BY STEPHEN WRIGHT KELLOGG, SHELBURNE, MASS.

WHEN a man once abandons the tranquil pursuits of private life, and launches on the boisterous and troubled sea of politics, he must expect a hard and a toilsome career. For without such an expectation he will surely be disheartened and driven back, by the buffetings of its winds and waves. He must also possess an unusual degree of firmness, a readiness to meet difficulties and tact to surmount them, in order to stem successfully the currents of popular passion, and weather the storms of party excitement. But one thing he must meet, which falls to the lot of the public man, in far greater measure than to any other citizen. Calumny and reproach he must endure.
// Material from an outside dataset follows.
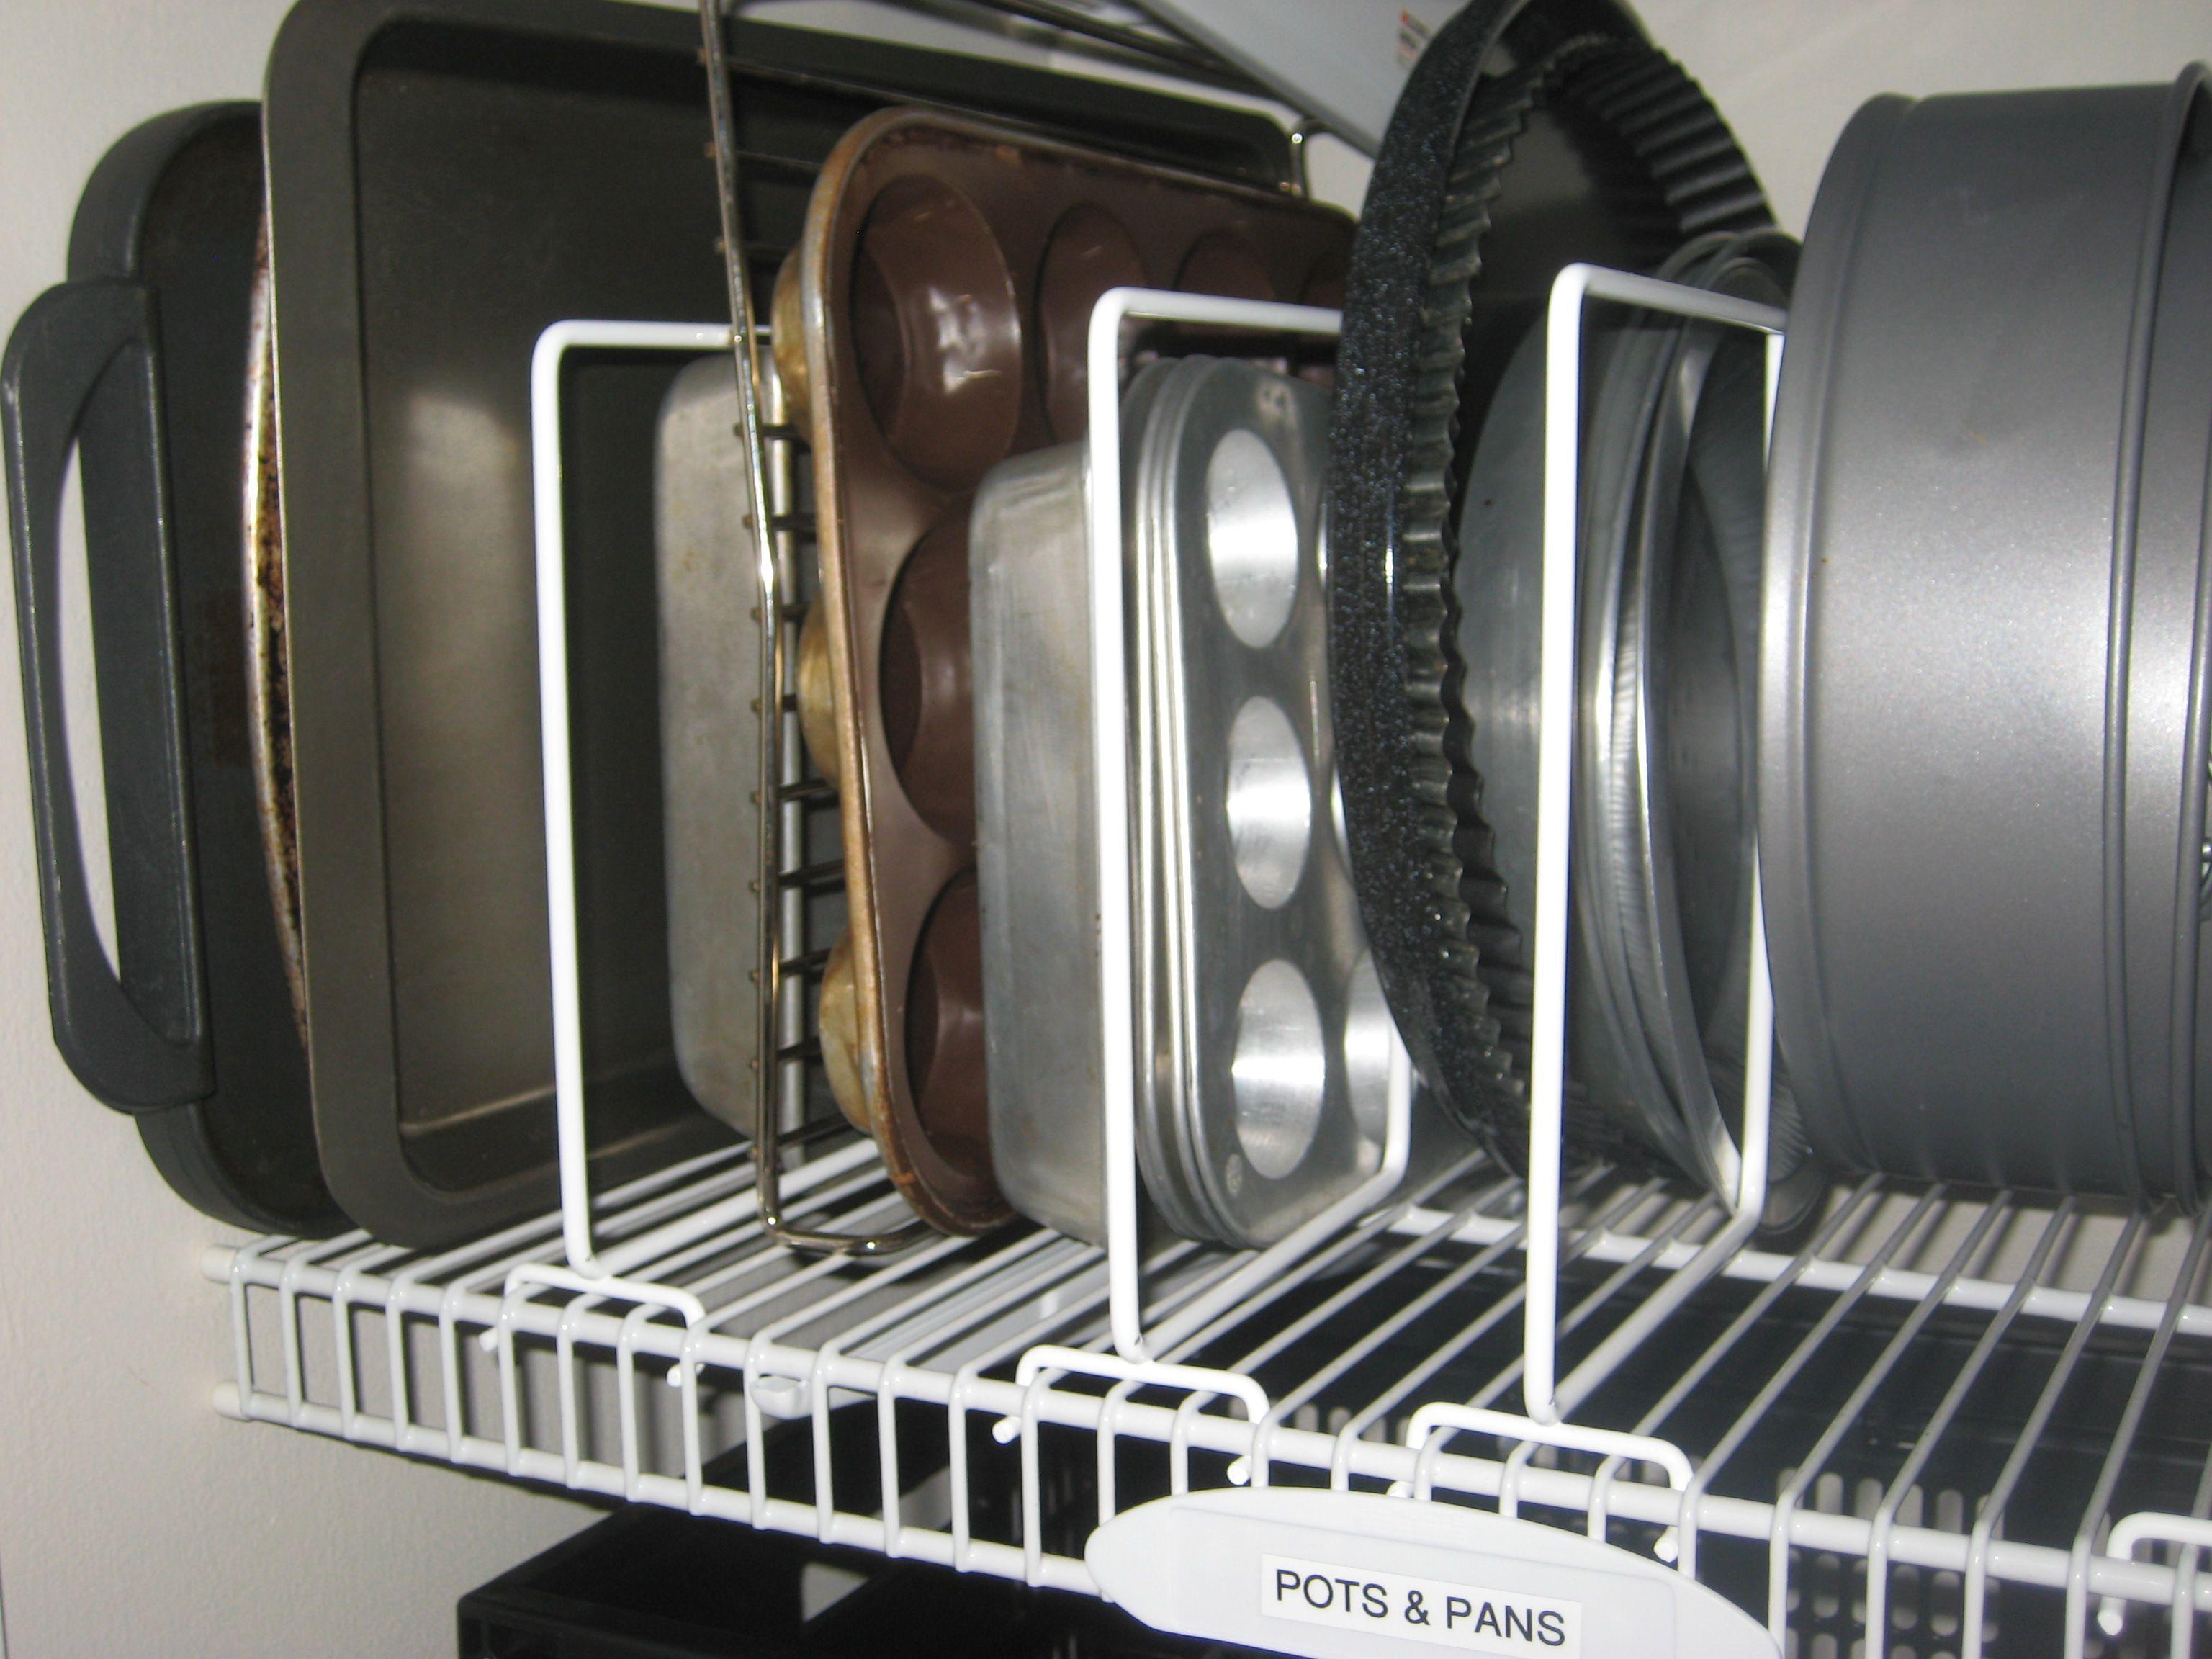 Kitchen Organization U0026 Pantry Organization: Vertical Pan Divider For Baking  Pans

He must be content to witness his name coupled with every vile and opprobrious epithet in the language; to see his character traduced, and his motives impugned; to have his fair fame stained and sullied with charges and accusations of the deepest dye; and in short, he must be willing to stand as a public mark, for a thousand rancorous opponents to hurl each his shaft of malice, tipped with the poison of detraction and falsehood. Such a position, however much it may be sought, is surely an unenviable one; and it is calculated to prevent many from engaging in public life, who might otherwise render distinguished service to their country. It is a position, too, as unjust as it is unenviable, to the upright and patriotic statesman; and we refer chiefly to such, in speaking against this practice of reviling public men. The dishonest politician, the man of knavish cunning and reckless character-who is ever ready to sacrifice the public weal to personal ambition-who "lives and moves and has his being" in an atmosphere of political juggling and chicaneryis seldom visited with more of public censure than he deserves. Indeed, we think such a man is often more honored and applauded, than the honest, candid, and deserving statesman. It is the great evil of political excitements, under such a system of government as ours, that the artful and unprincipled, by dint of loud and ostentatious professions of devotion to their country, are often able to win the honors, which belong to sterling worth and sincere patriotism. Good men are often loaded with unmerited abuse, while bad men enjoy public favor and rewards equally unmerited.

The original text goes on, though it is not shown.